As though in answer, she found her wrist suddenly free.

“My teeth are sharp,” Jacob announced. He climbed over her and started on her left wrist. In seconds, it too was free.

“Oh God,” she said, hugging herself with aching arms and numb hands. She made herself reach out to the child. “Thank you, Jacob.”

“You taste good,” he said. “I thought you would. You smell like food.”

She drew her hand back quickly, heard his gleeful laugh. Let him laugh. He had freed her. How the hell a four year old could have teeth that cut rope was beyond her, but she didn’t care. If he had been a little less strange, she would have hugged him.

“Something is happening outside,” he said.

“What?”

“People moving around and talking.” He bounded off the bed and to the window. “They’re your people,” he said. He leaped silently to the high window sill, then down the other side.

Then even she heard the noise outside—a car starting, people running. There was shouting, and finally what must be happening penetrated her weary mind. Her people—her father and sister …

She got out of bed, taking time only to slip into her shoes and grab her pants and shirt. She threw both on over the thin gown Lupe had brought her from her luggage and she went through the window. She would have climbed through it naked if she had had to.
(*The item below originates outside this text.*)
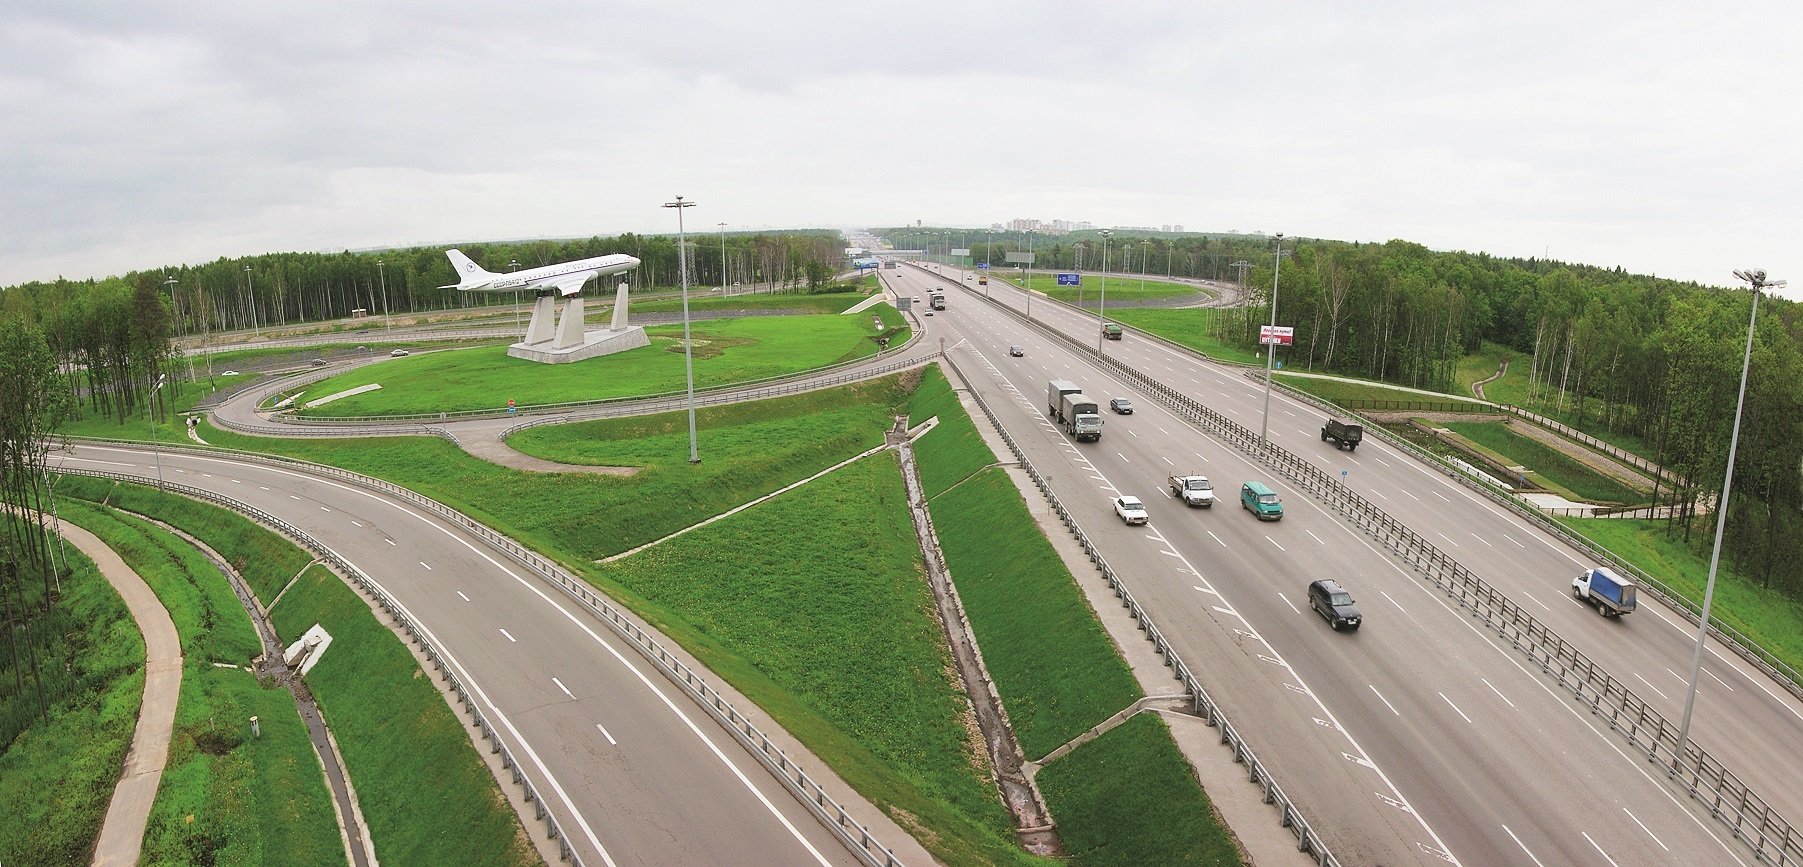 киевское шоссе москва

She got out in time to see the Wagoneer disappearing down the mountain road, stick people in hot pursuit. Her father had left her!

She took a few useless steps after them, then turned without conscious thought and ran in the opposite direction—toward the rocks she and Stephen Kaneshiro had stood on. Toward the road below where her father would almost certainly be passing soon. It occurred to her as she headed for the steep incline that she could be killed. The thought did not slow her. Either way, the stick people would not tie her down again.